Should be a seamless drop-in change but for future uses requires the
database host to be the primary coordinator IP rather than localhost, so
that writes can occur to the database from non-primary hosts.
2023-11-04 12:46:34 -04:00
Joshua Boniface 9ba7aa5b08 [Bookworm] Remove obsolete package 2023-08-31 14:13:05 -04:00
Joshua Boniface 32613ff119 Remove obsolete Suggests lines from control 2021-07-20 00:35:21 -04:00
Joshua Boniface cfeba50b17 Revert "Return to all command-based Ceph gathering"
This reverts commit 65d14ccd92.

This was actually a bad idea. For inexplicable reasons, running these
Ceph commands manually (not even via Python, but in a normal shell)
takes 7 * two orders of magnitude longer than running them with the
Rados module, so long in fact that some basic commands like "ceph
health" would sometimes take longer than the 1 second timeout to
complete.

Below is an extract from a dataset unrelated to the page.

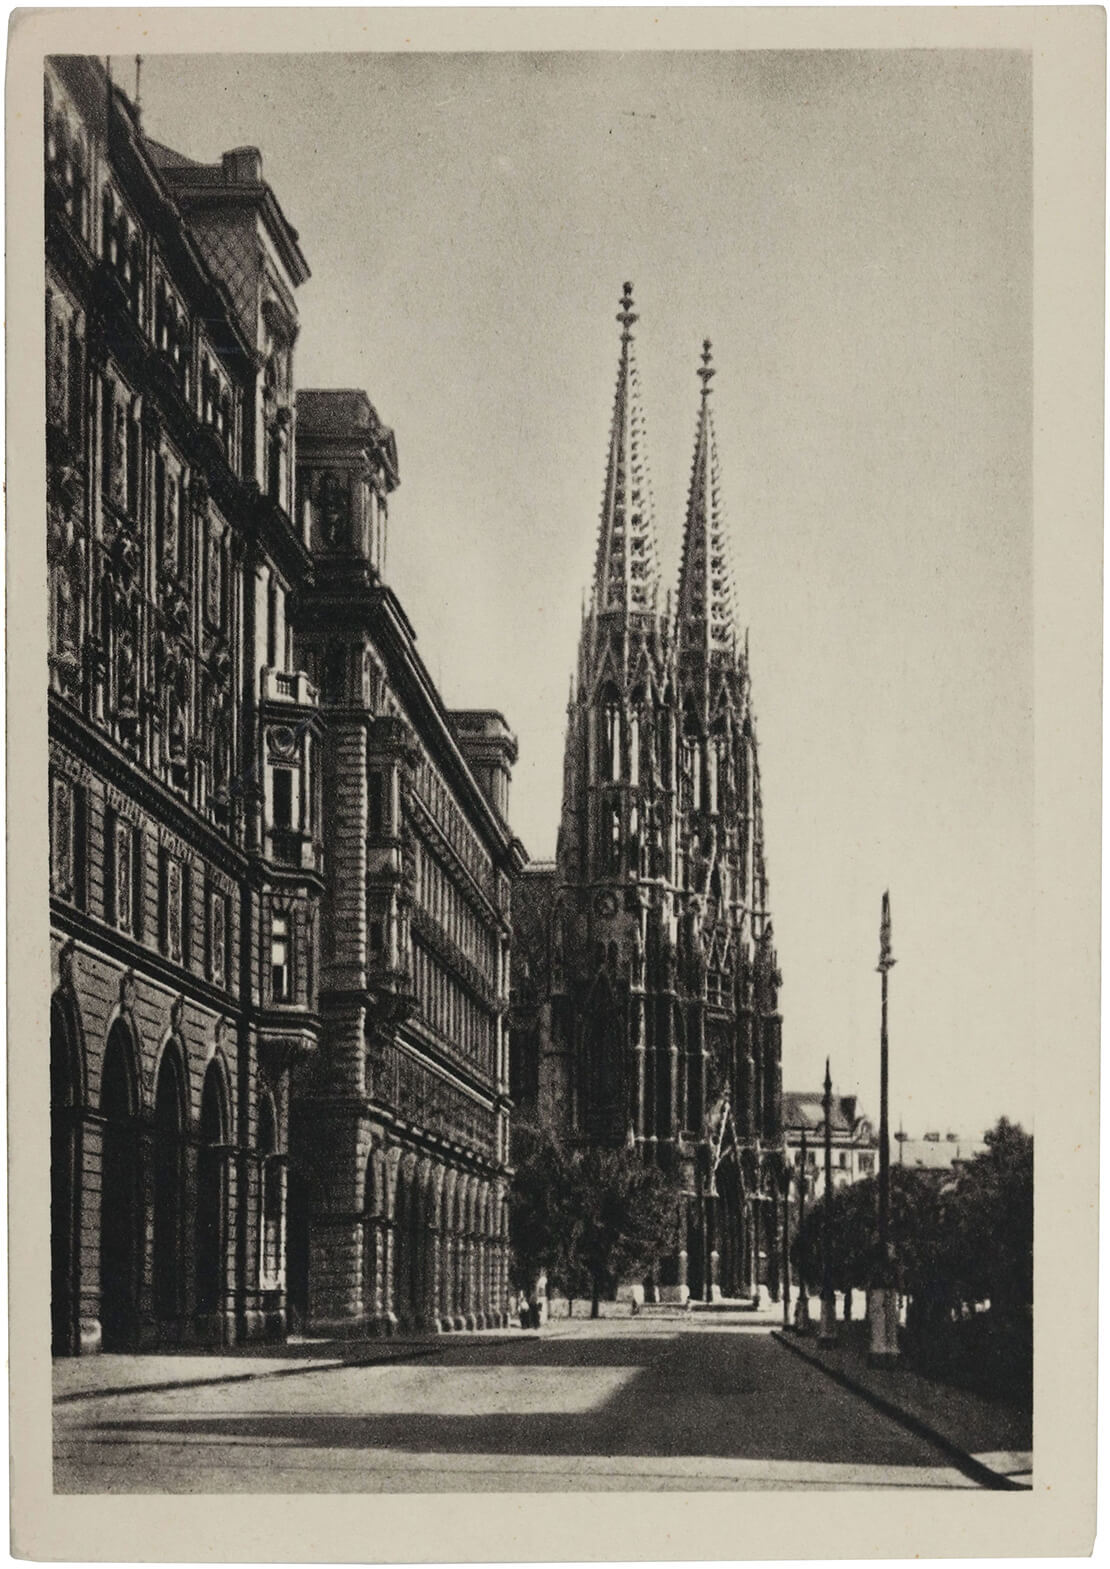 Blick auf die Votivkirche, Ansichtskarte, 1950, Wien Museum

The Rados commands would however take about 1ms instead.

Despite the occasional issues when monitors drop out, the Rados module
is clearly far superior to the shell commands for any moderately-loaded
Ceph cluster. We can look into solving timeouts another way (perhaps
with Processes instead of Threads) at a later time.

Rados module "ceph health":
    b'{"checks":{},"status":"HEALTH_OK"}'
    0.001204 (s)
    b'{"checks":{},"status":"HEALTH_OK"}'
    0.001258 (s)
Command "ceph health":
    joshua@hv1.c.bonilan.net ~ $ time ceph health >/dev/null
    real    0m0.772s
    user    0m0.707s
    sys     0m0.046s
    joshua@hv1.c.bonilan.net ~ $ time ceph health >/dev/null
    real    0m0.796s
    user    0m0.728s
    sys     0m0.054s
2021-07-10 03:47:45 -04:00
Joshua Boniface 65d14ccd92 Return to all command-based Ceph gathering
Using the Rados module was very problematic, specifically because it had
no sensible timeout parameters and thus would hang for many seconds.
This has poor implications since it blocks further keepalives.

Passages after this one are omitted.